▶ [Task item] Go through the data below and repeat it exactly, skipping each picture.

▶ [Dataset extract]
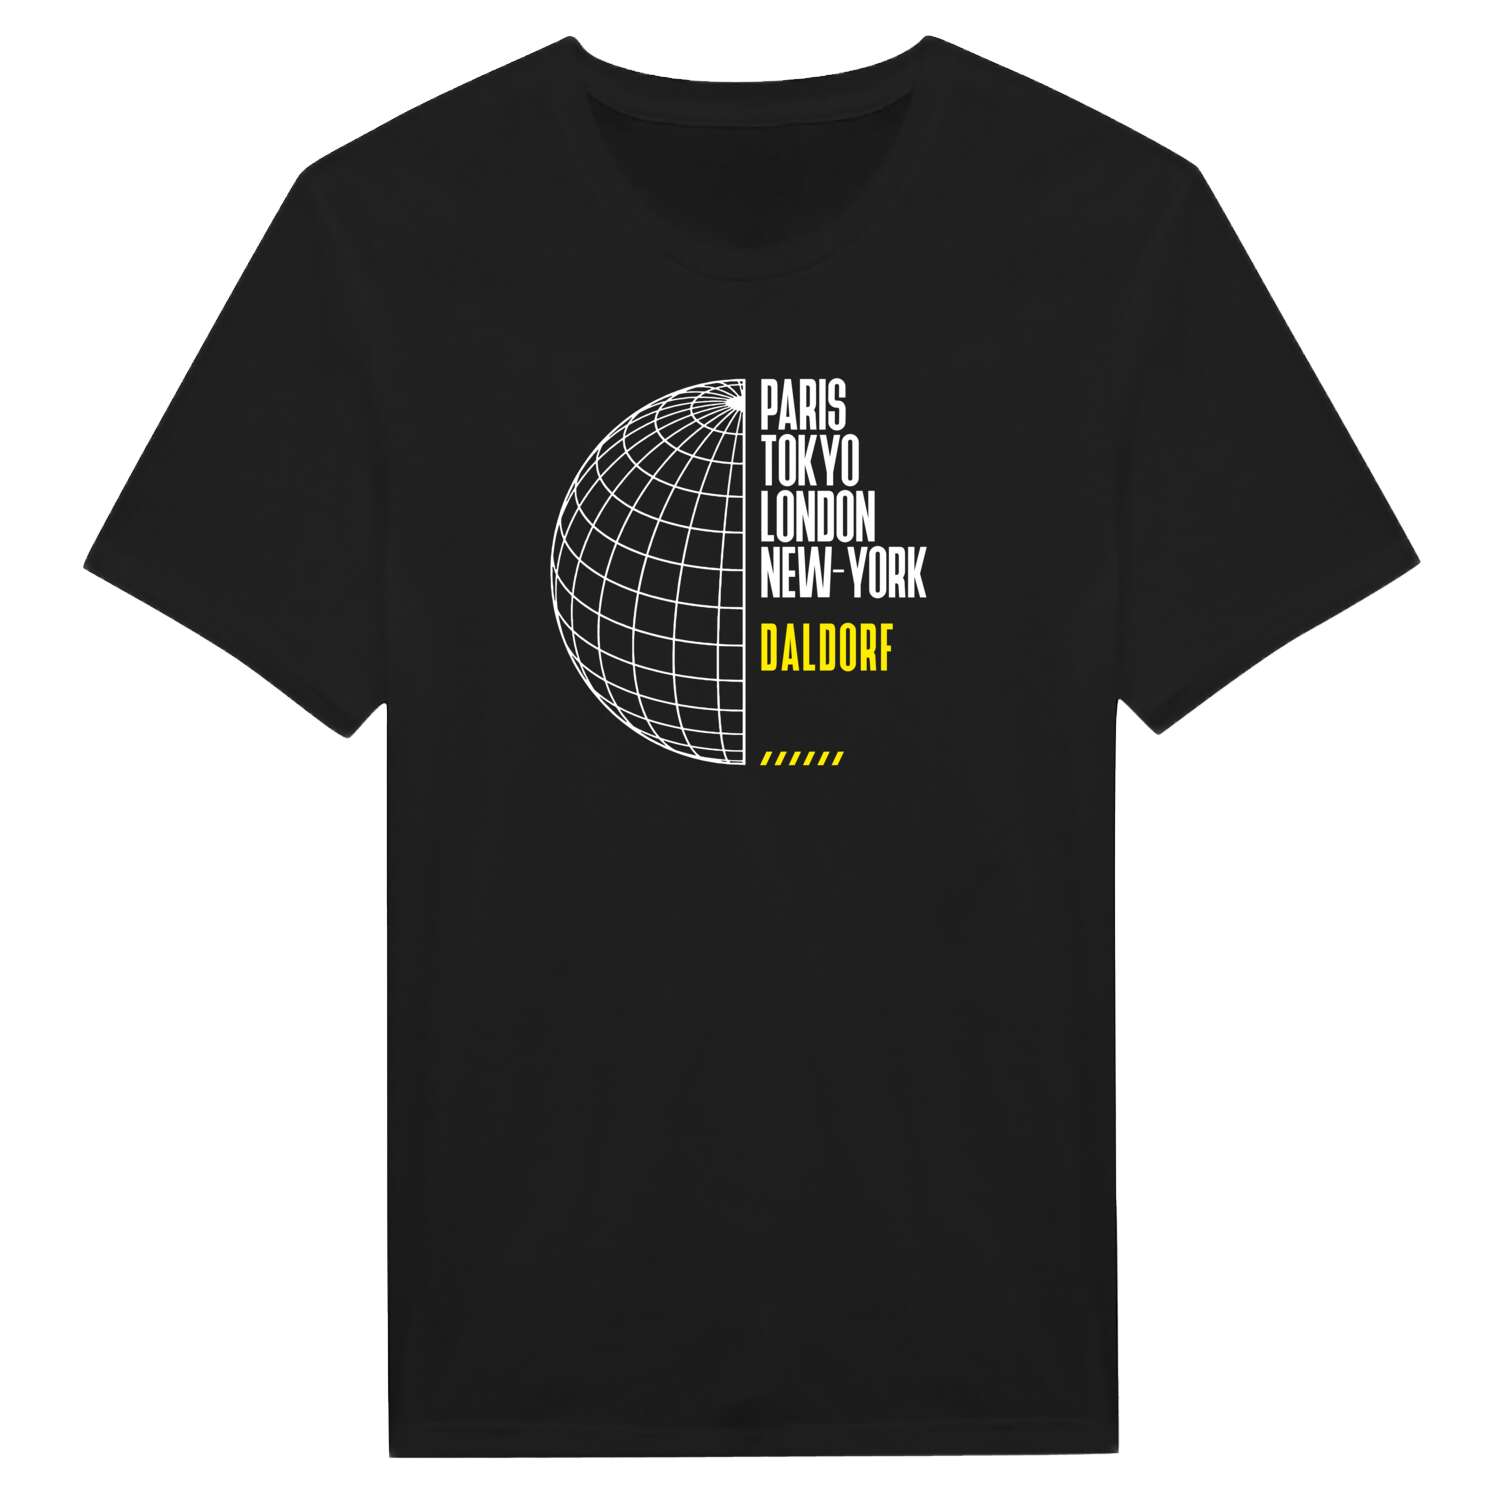 Daldorf T-Shirt »Paris Tokyo London«
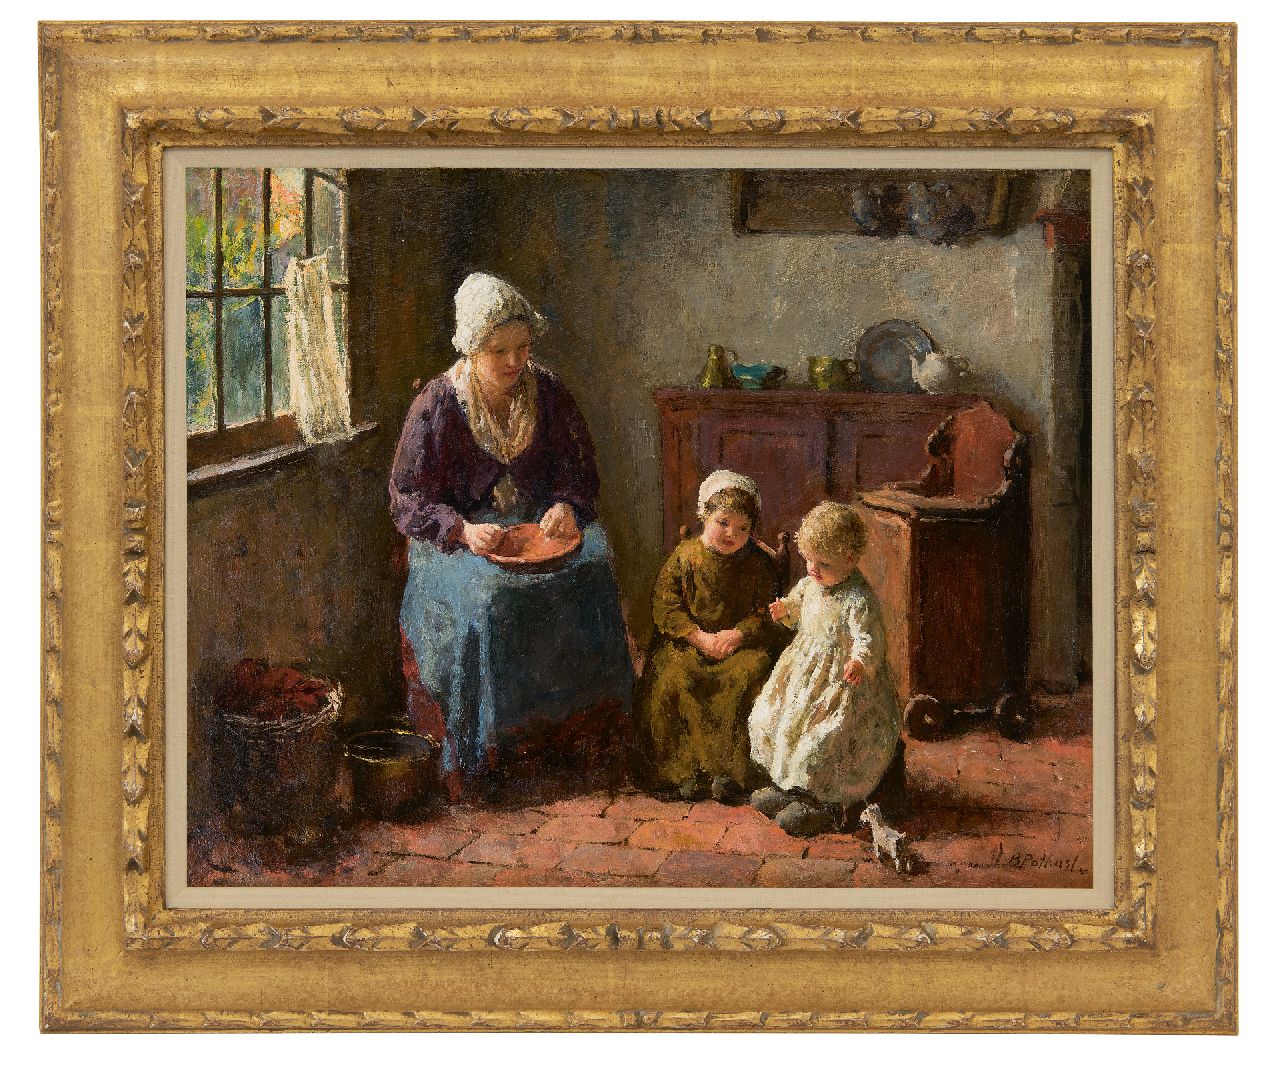 Pothast B.J.C.  | 'Bernard' Jean Corneille Pothast | Paintings offered for sale | Motherly love, oil on canvas 40.0 x 50.0 cm, signed l.r.
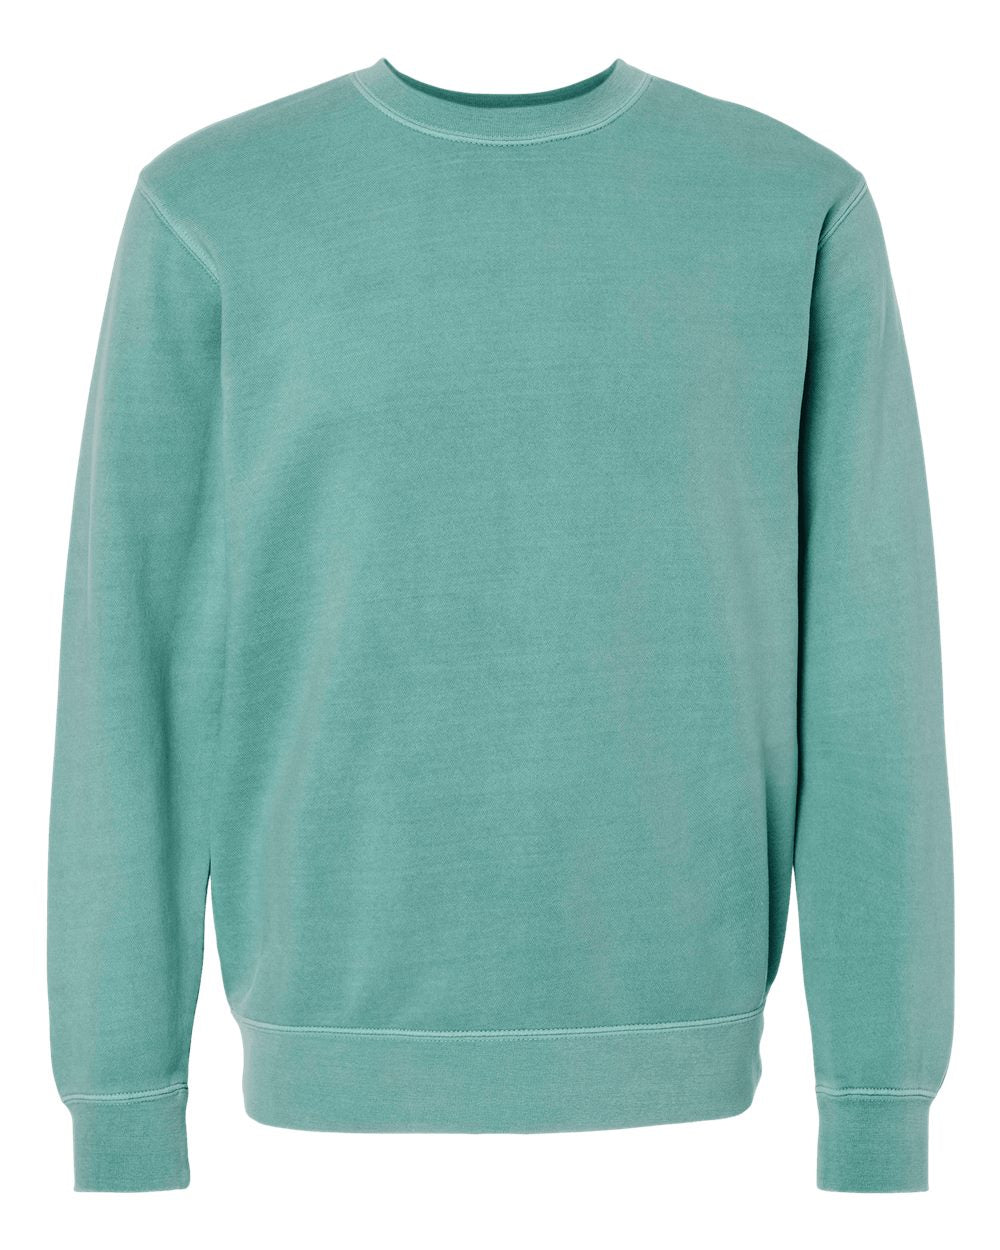 Independent Pigment-Dyed Crewneck Sweatshirt (PRM3500) in Pigment Mint
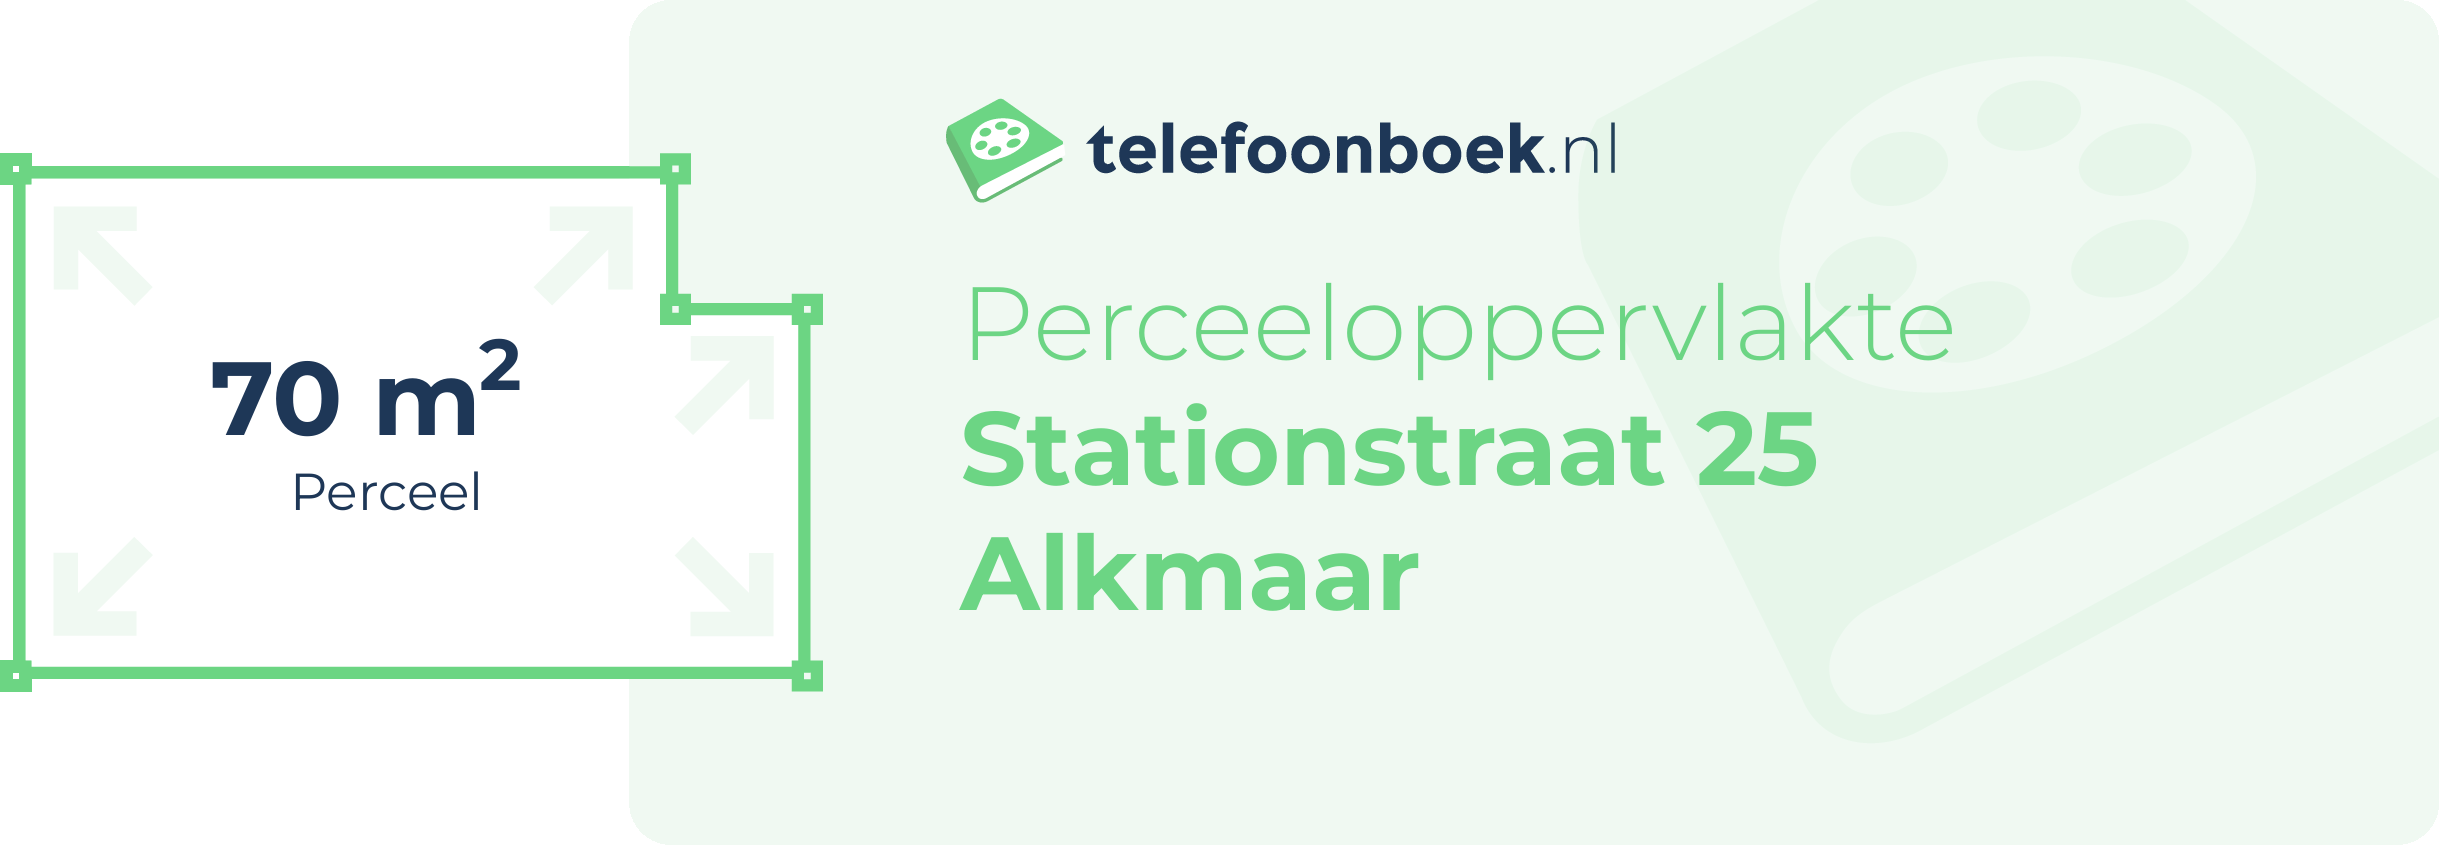 Perceeloppervlakte Stationstraat 25 Alkmaar

▶ [Your solution]
 Daldorf T-Shirt »Paris Tokyo London«
 Pothast B.J.C.  | 'Bernard' Jean Corneille Pothast | Paintings offered for sale | Motherly love, oil on canvas 40.0 x 50.0 cm, signed l.r.
 Independent Pigment-Dyed Crewneck Sweatshirt (PRM3500) in Pigment Mint
 Perceeloppervlakte Stationstraat 25 Alkmaar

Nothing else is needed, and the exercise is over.